Penembakan gas air mata menambah emosional/kemarahan dari para siswa. Siswa
melakukan pelemparan dan menghancurkan bangunan kantor Bupati.
“Aparat sudah
tidak tembak pakai gas air mata lagi tapi sudah menggunakan peluru karet
mengarahkan ke kita massa aksi. Tapi tembakan itu tidak ada yang kena. Setelah
itu aksi semakin panas dan aparat keamanan (brimob) sudah kewalahan sehingga
mereka mangambil tindakan menggunakan peluru tajam tempat ke arah atas.
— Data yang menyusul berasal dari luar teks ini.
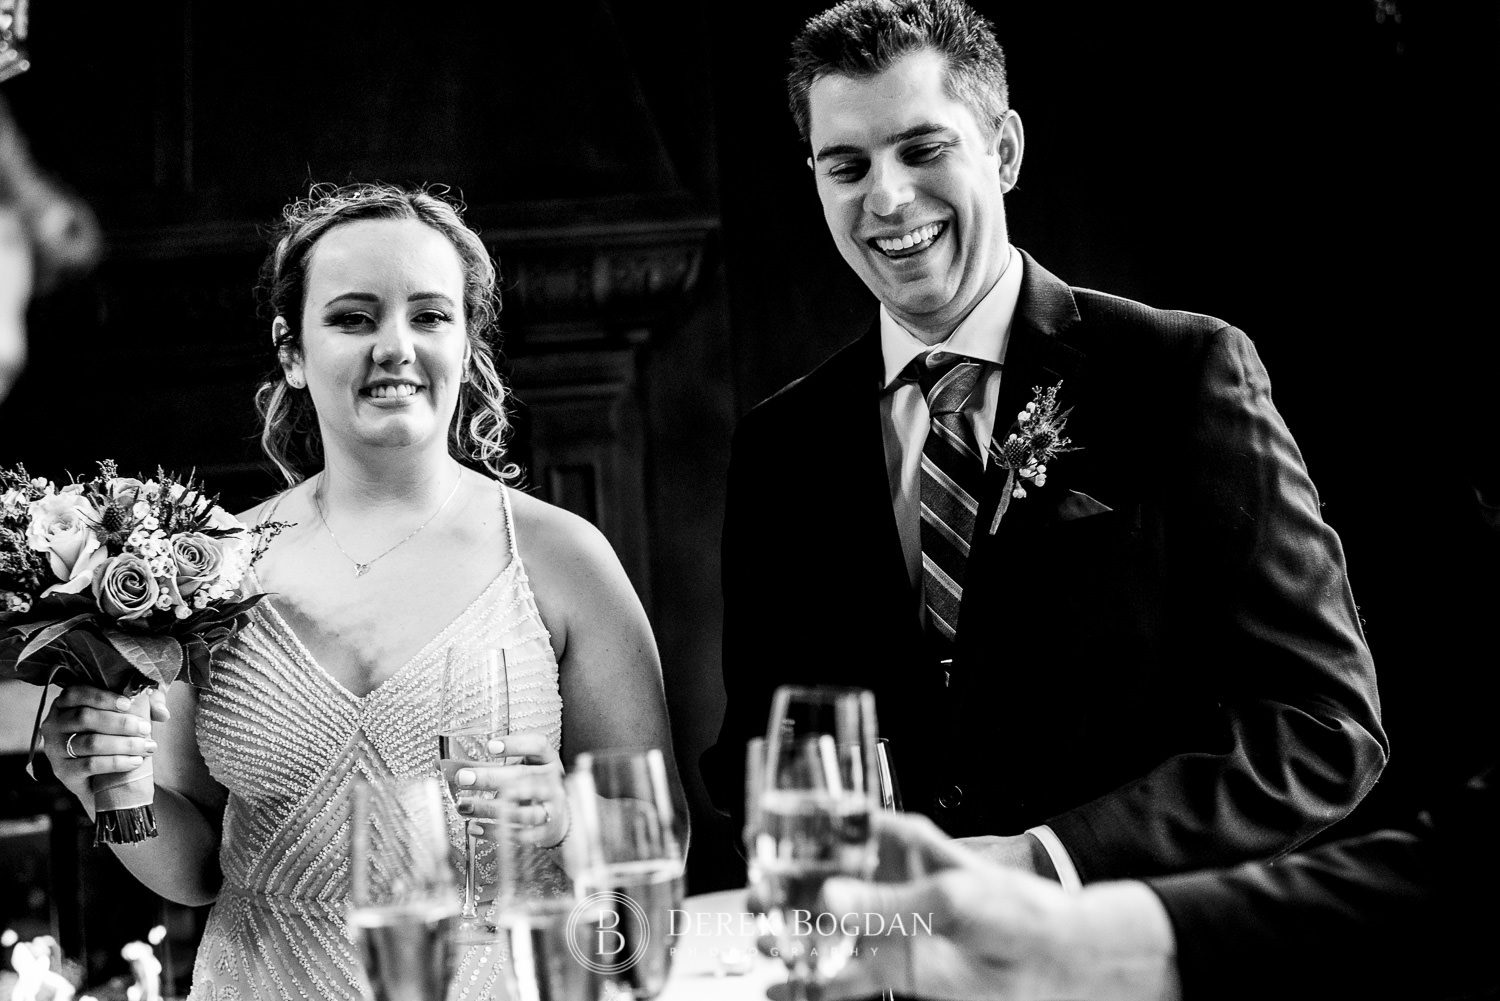 Manitoba Club Wedding Ceremony champagne toast bride and groom smiles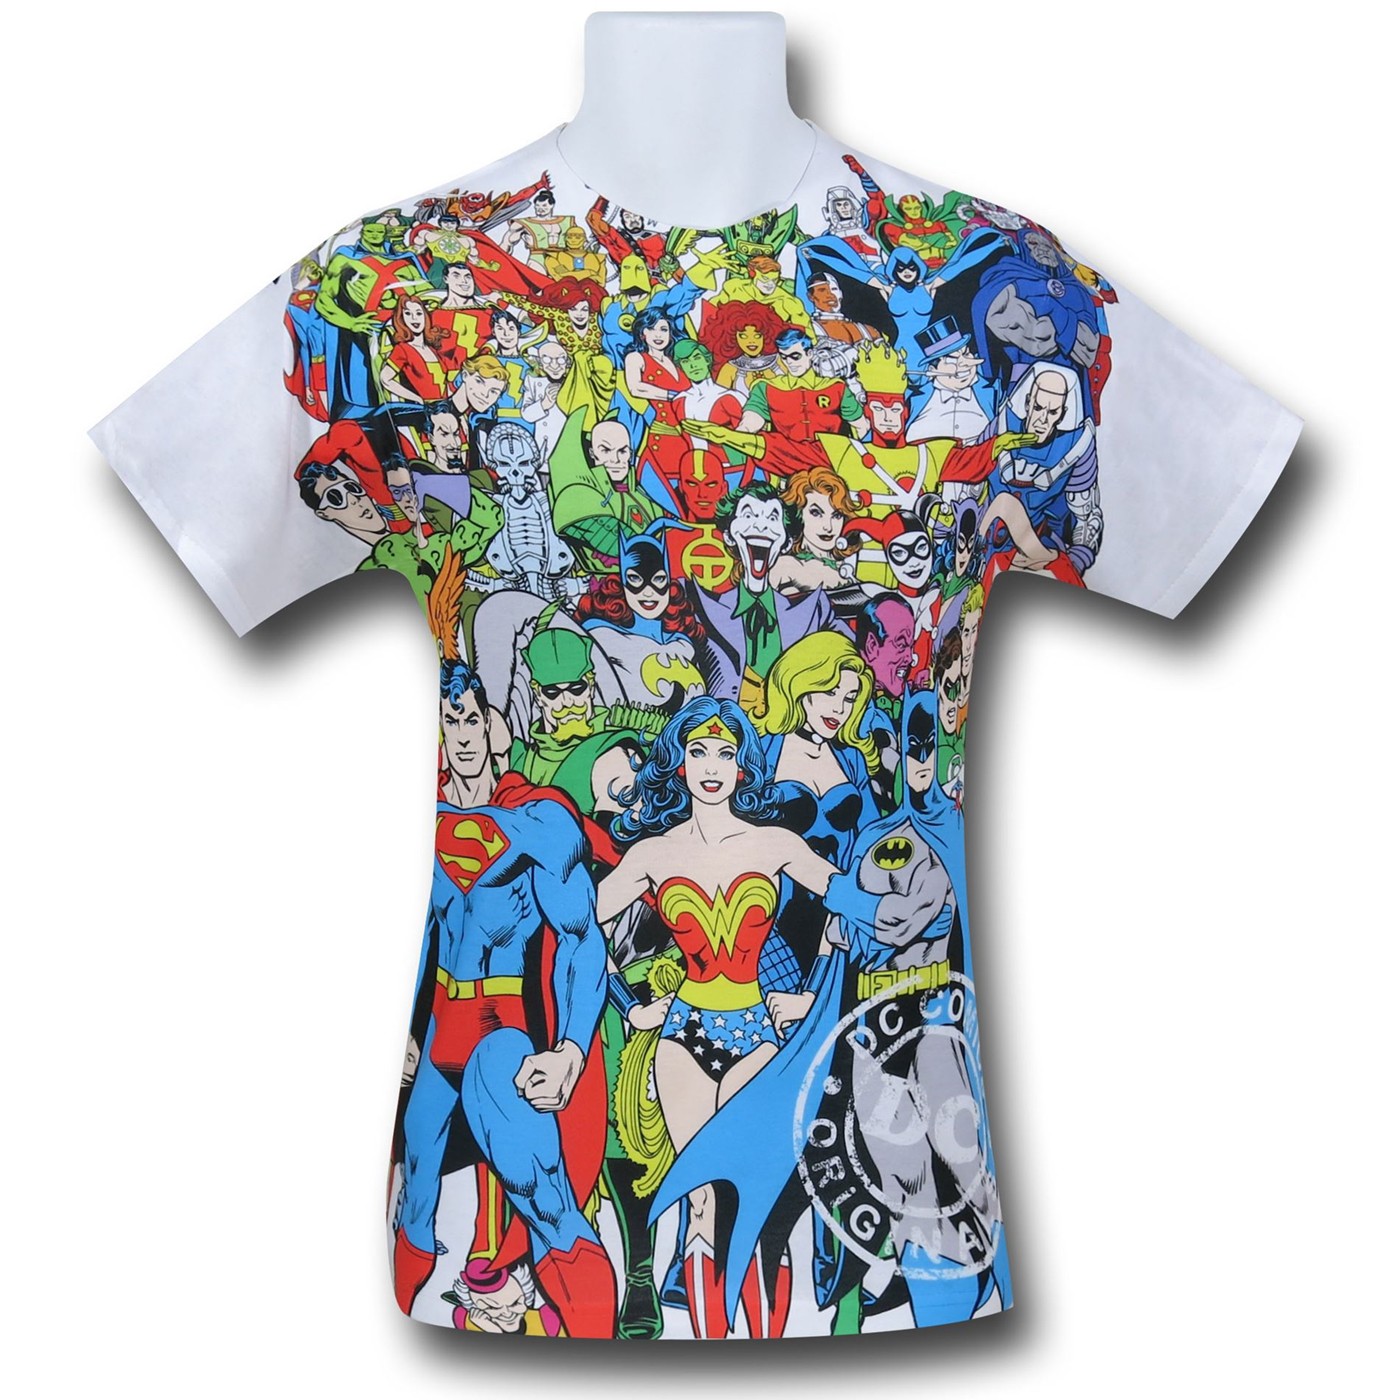 DC Originals Sublimated Characters T-Shirt

Tembakan itu terkena atap dari kantor bupati dan lubang-lubang”.
Ada
sejumlah anak – anak yang ditahan dalam halaman kantor Bupati. Massa aksi siswa
meminta teman – teman mereka dibebaskan, dengan ancaman akan tidur di kantor bupati sampai pagi. Bupati
perintahkan bebaskan para siswa karena anak – anak itu tidak bersalah. Di dalam
rombongan siswa yang ditangkap juga ada Anton Pahabol. Sehingga keberadaan
Anton hingga sekarang belum diketahui.
Kejadian
sudah mulai meredah dan cukup tenang. Bupati mengarahkan siswa untuk pulang
oleh aparat keamanan melewati Wouma, karena mata jalan masuk keluar sudah tutup
oleh aparat dan massa. Selain itu para siswa juga dihadang oleh ormas warga
nusantara di jalan Irian dan pertigaan hotel Baliem Pilamo. Barisan ormas
bergerak keluar dan mengangkat alat dan senjata tajam. Kemudian bangun
perlawanan dengan anak – anak SMA yang sementara pulang.
Ormas Barisan Nusantara
Perlawanan
dari masyarakat sipil non Papua yang menamai diri barisan nusantara terlibat
dalam kerusuhan di Wamena. Ormas massa aksi barisan nusantara lahir dari isu
perekonomian. Sebagian dari mereka merupakan pengusaha yang memiliki ruko –
ruko dan jualan di daerah Kota Wamena. Pasca peristiwa di Wamena masyarakat non
Papua mendapat tekanan dari massa rakyat yang ikut terlibat dan melakukan
ricuh. Adapun dari mereka menjadi korban
penyanderaan dan pembakaran ruko tampat usaha. Alasan penyanderaan massa
rakyat agar anak – anak mereka
dibebaskan dari kantor Bupati. Pembakaran ruko – ruko juga terjadi karena
mendegar anak mereka yang terkena tembakan dan kekerasan aparat keamanan.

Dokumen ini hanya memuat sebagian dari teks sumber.